= Guy Nève =

Belgian racing driver (1955-1992)

Guy Hervé Ghislain Marie Stanislas Nève de Mévergnies (24 April 1955 - 28 June 1992) was a Belgian racing driver. He was the younger brother of fellow racer Patrick Nève, who he had competed with and against.

== Racing career ==
Guy Nève began racing as early as 1980 in national events, competing in endurance races within Europe. In 1985, he won the Belgian Group N class championship for cars with engines larger than 2.5 litres, driving a BMW 635 CSi.

Guy raced touring cars almost exclusively - in 1987, he was given the opportunity to drive a Porsche powered Argo JM19 prototype for the 1000km of Spa. During practice, a wheel flew off of his car and struck two marshals, one of whom named Jacky Bouillon passed away later from the injuries. Nève, who previously didn't know that anyone had been hit, decided to withdraw from the race after hearing of the tragedy.
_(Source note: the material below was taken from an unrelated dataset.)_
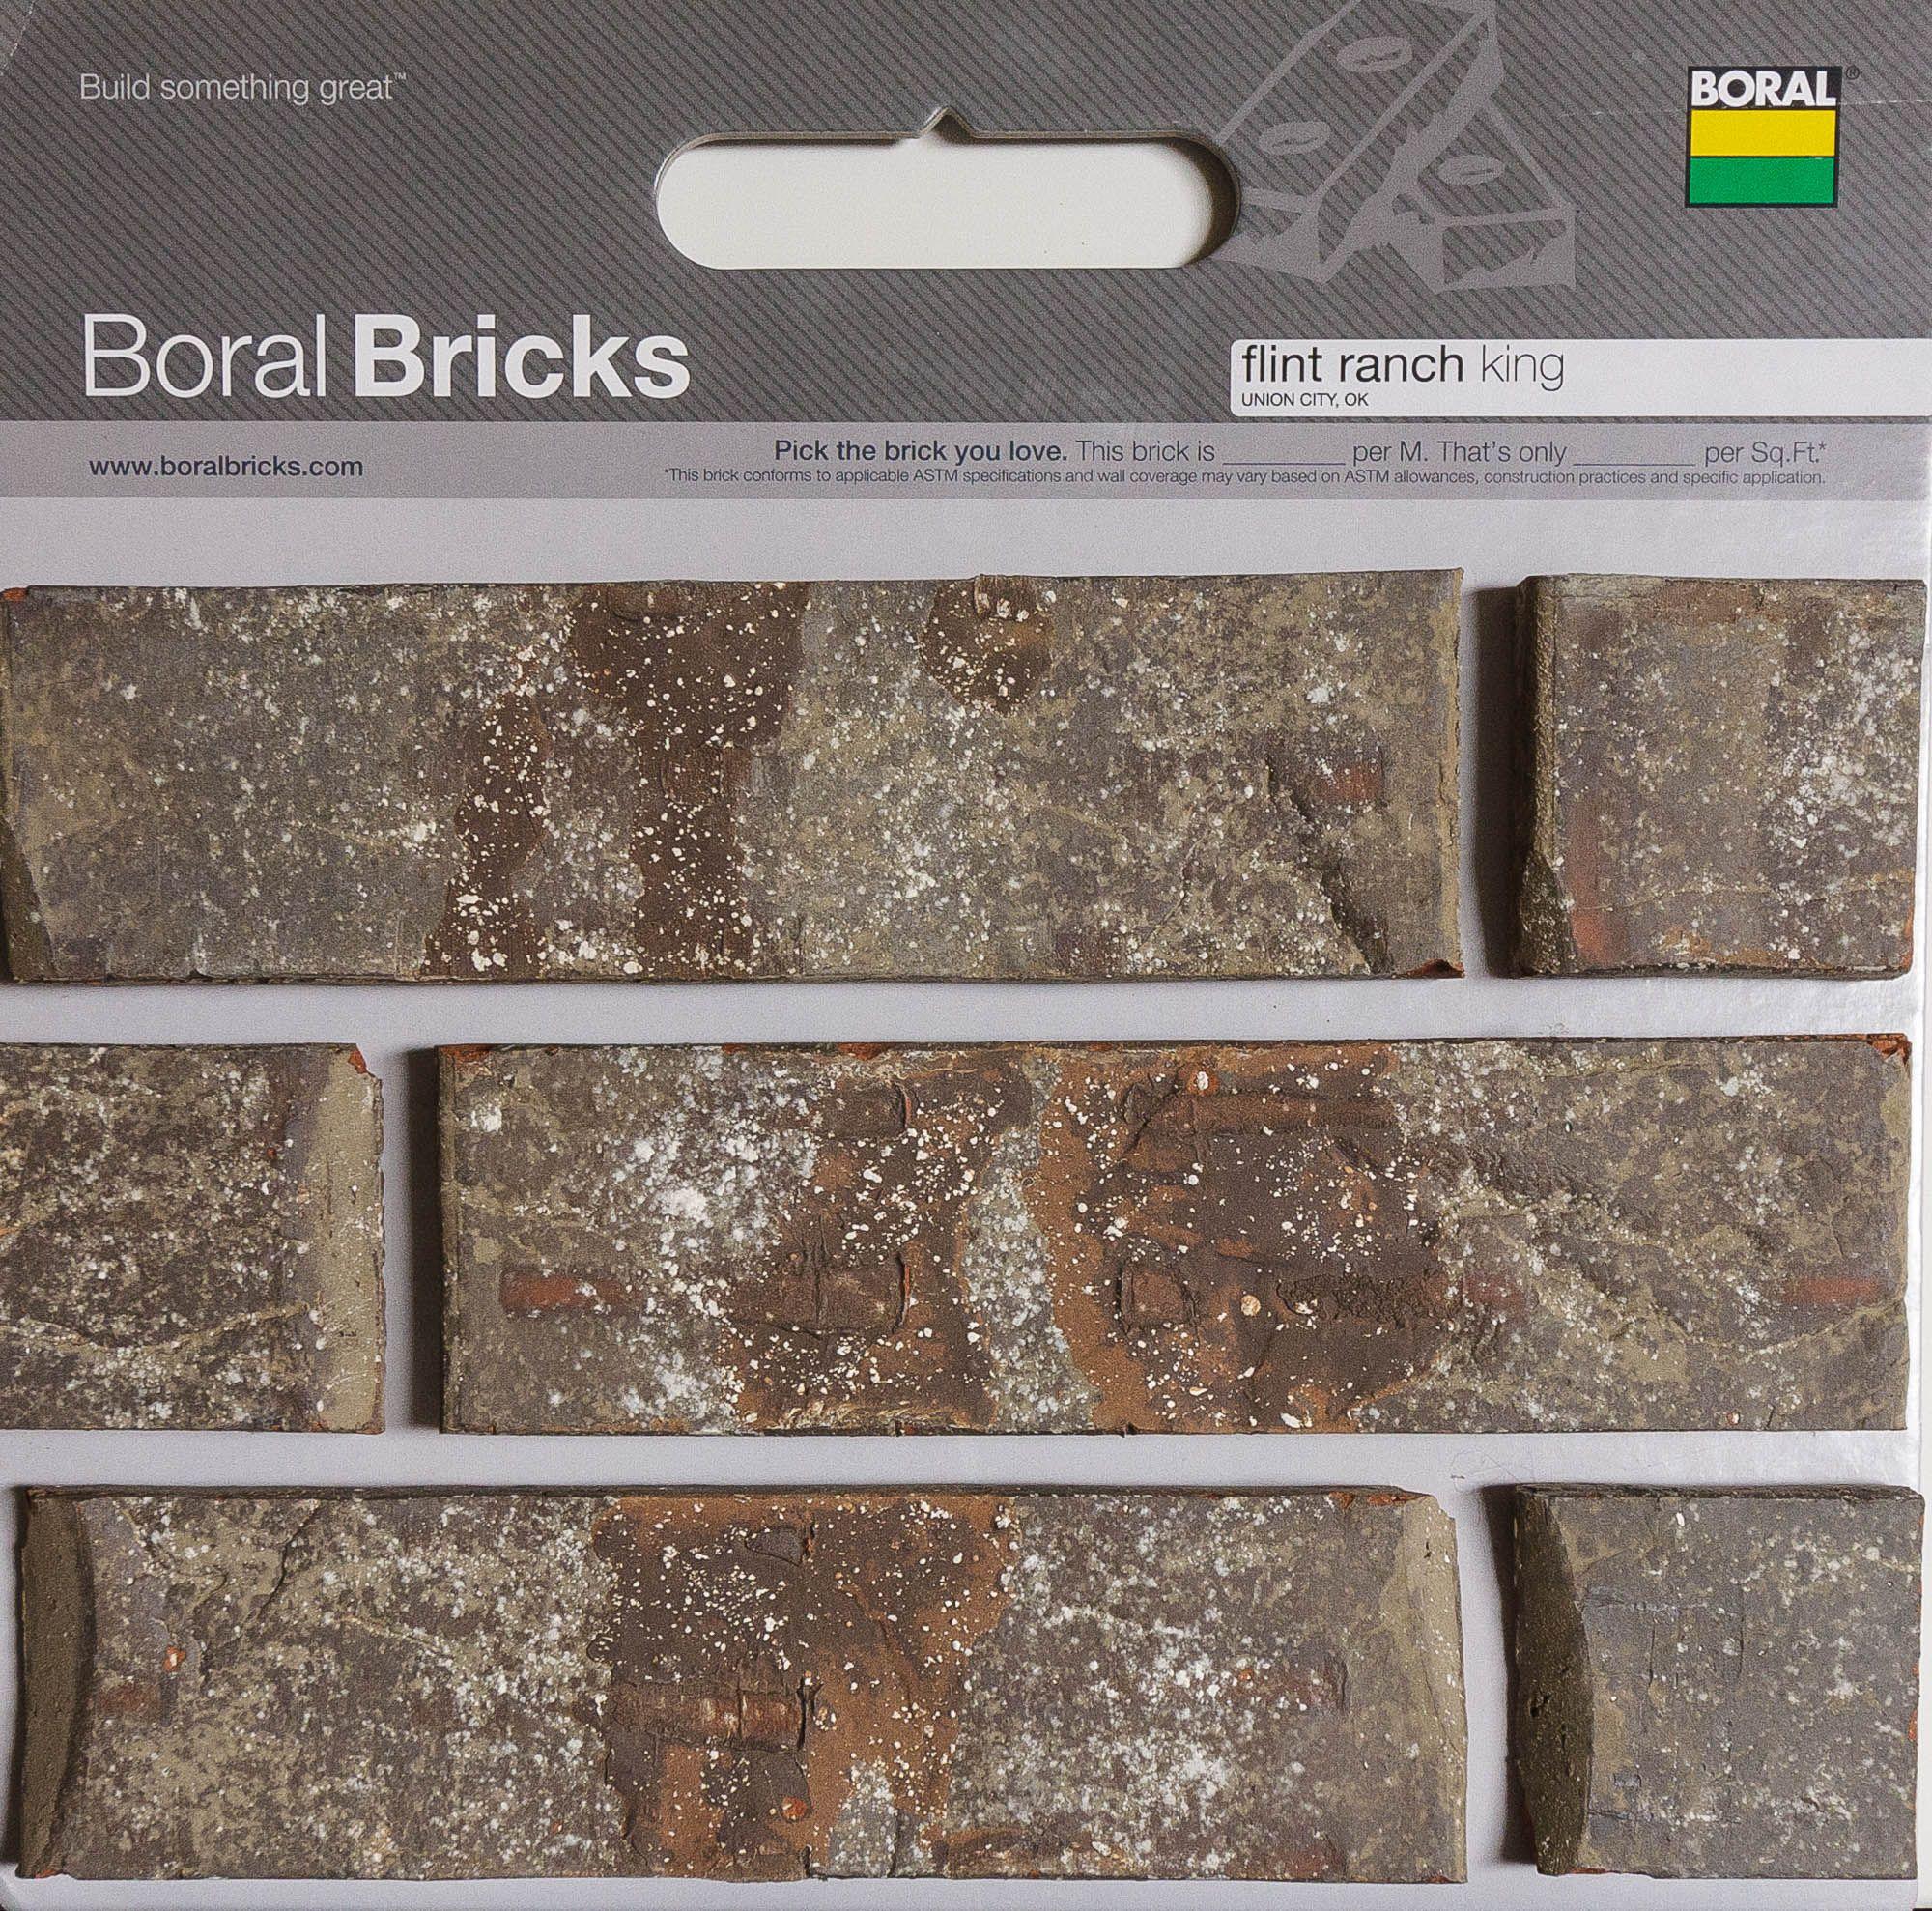 Flint Ranch BRICKSTONE How To Dry Basil Brick Farmhouse

By 1992, Nève had participated in several seasons of the Belgian Procar championship driving Porsche 911s. In his final season, he drove for the Porsche Club of Belgium with teammate Roland de Jamblinne, who had been teammates with Nève as early as 1989.

=== Death ===
Guy's final race took place at the temporary street circuit of Chimay, Belgium, on the 28th of June, 1992. The track, which was 5.9 miles/9.5 kilometers long and incredibly fast due to primarily being composed of long straights, was infamous for its danger, lacking any barriers and guardrails for the majority of its length. In 1972, it was the site of compatriot Yvo Graul's fatal crash.
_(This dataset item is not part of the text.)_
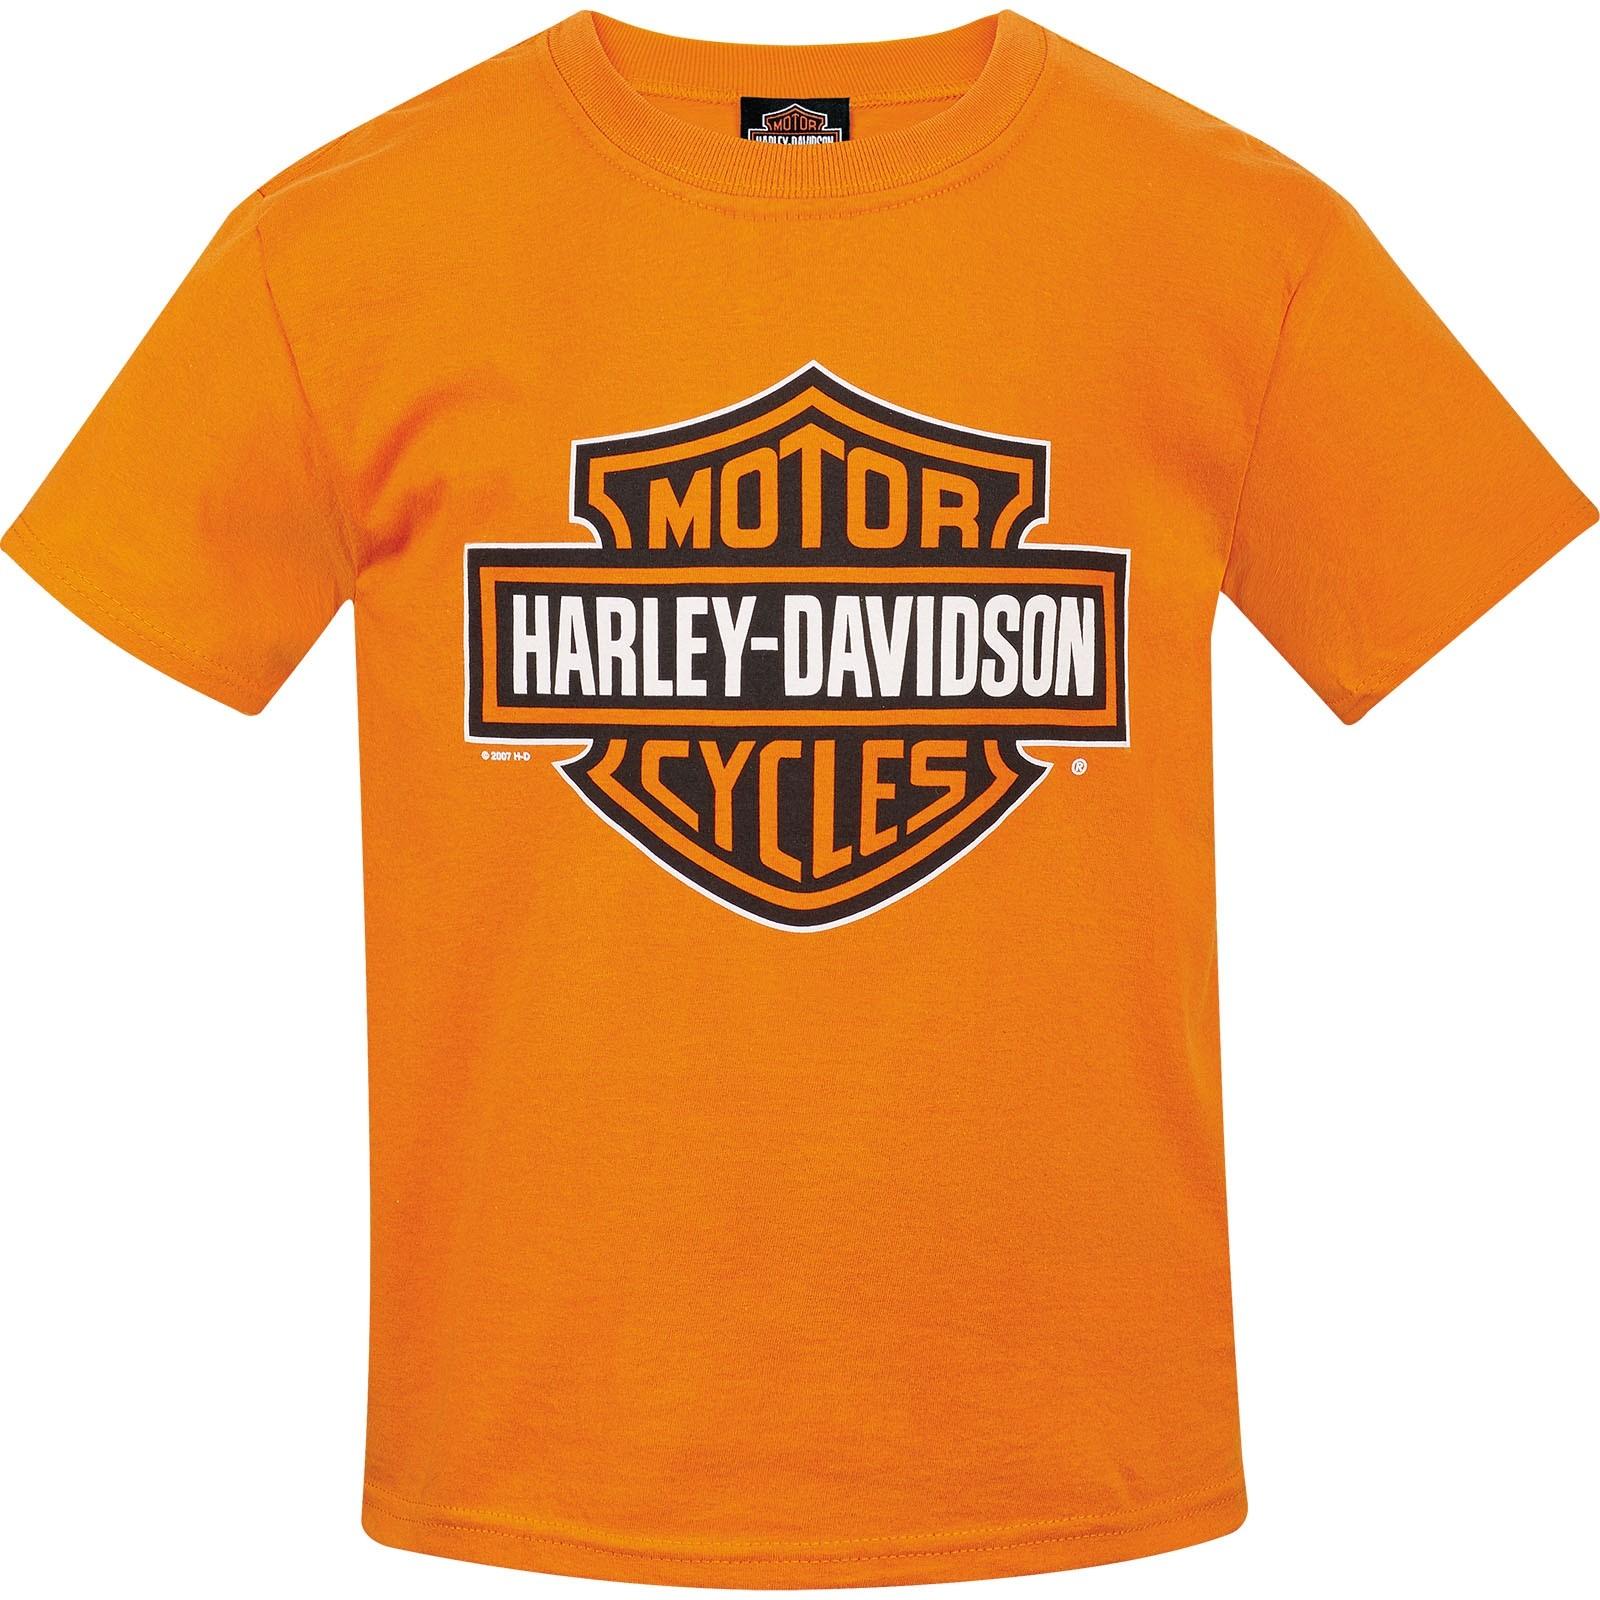 Kids Bar & Shield Graphic Orange T-shirt | Camp Humphreys

There were two heats - the first heat saw the death of a spectator after the Honda Civic of Michel Maillien slid sideways into a group of fans watching the race. Despite this, the second heat was allowed to start. After several laps, Nève collided with the competing BMW M3 E30 of Patrick Slaus on the exit of the fast Virage Spikins curve. He veered off the track and hit a grass bank, flipping and somersaulting several times before the car came to rest on its roof. As the car suffered several impacts to the front end where the fuel tank was located, the front of the car burst into flames. Due to the violent nature of the initial flips, it's unknown whether or not Nève was still alive after his car stopped.
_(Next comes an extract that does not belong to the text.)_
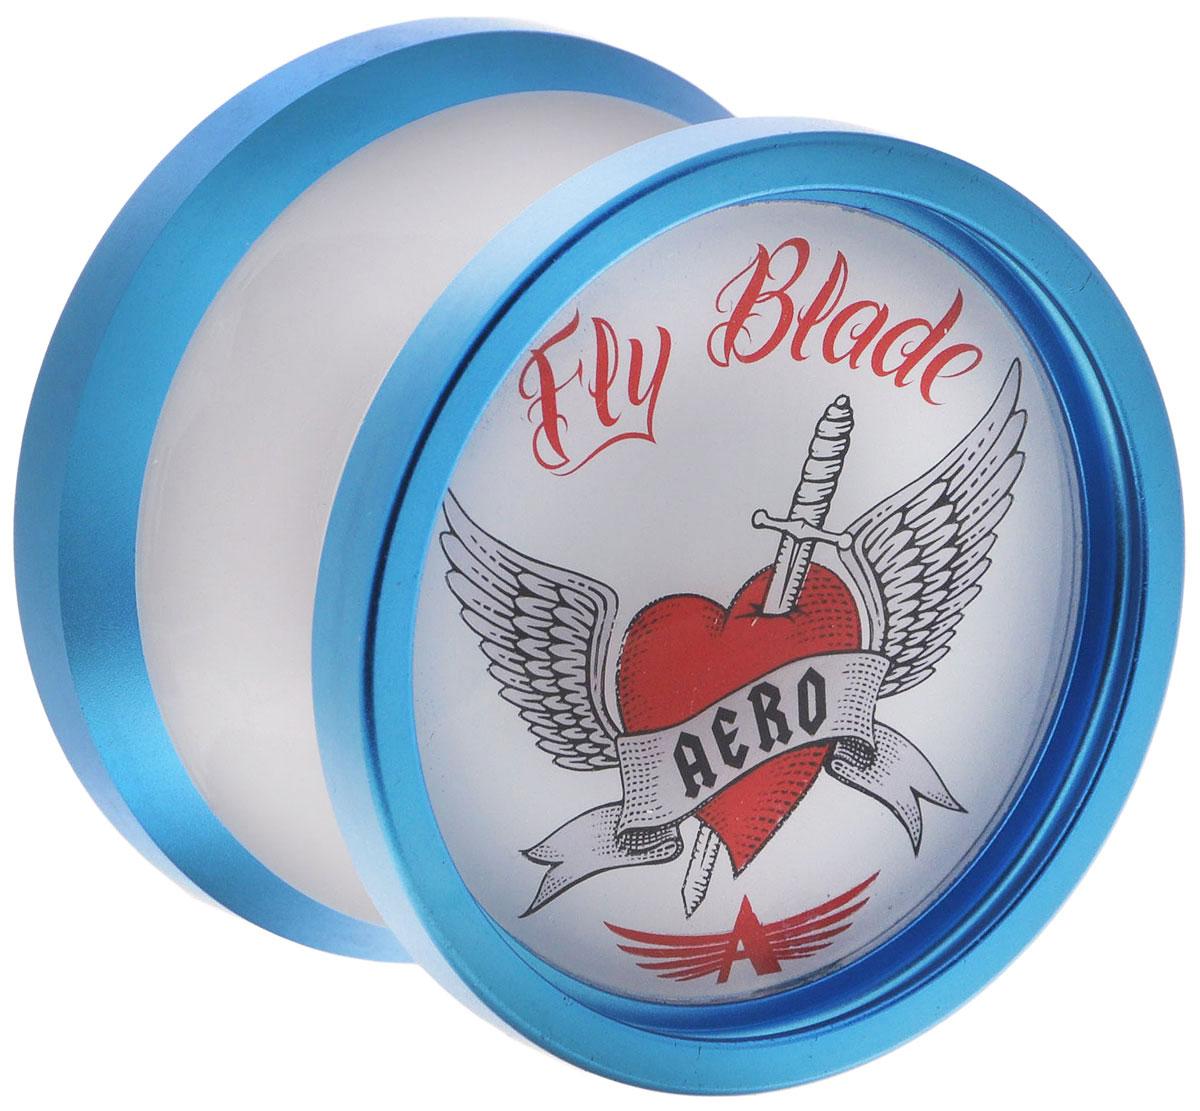 Aero-Yo Йо-йо Aero Fly Blade цвет синий

Attempts by the track marshals to extinguish the fire were futile, and several of Nève's fellow competitors tried to aid the situation, but to no avail. Roland de Jamblinne, Nève's teammate who refused to race but was still present at the track, retired from racing after hearing of the news. Guy's brother, Patrick, also made the same decision.

After the tragedy, the trailer that Guy's team used to transport their cars was lined with the flowers given to the race winners. At that same year's 24 Hours of Spa, his team wrote "Salut Guy" in front of the start/finish line in his memory. Over 3000 people attended his funeral, and when the Chimay circuit underwent a major revision, shortening the course and increasing safety measures, the first chicane after the first corner was named after him.

== Personal life ==
Outside of racing, he was a lawyer, and was an executive member of the Royal Automobile Club of Belgium. He had a wife, Charlotte, and three children.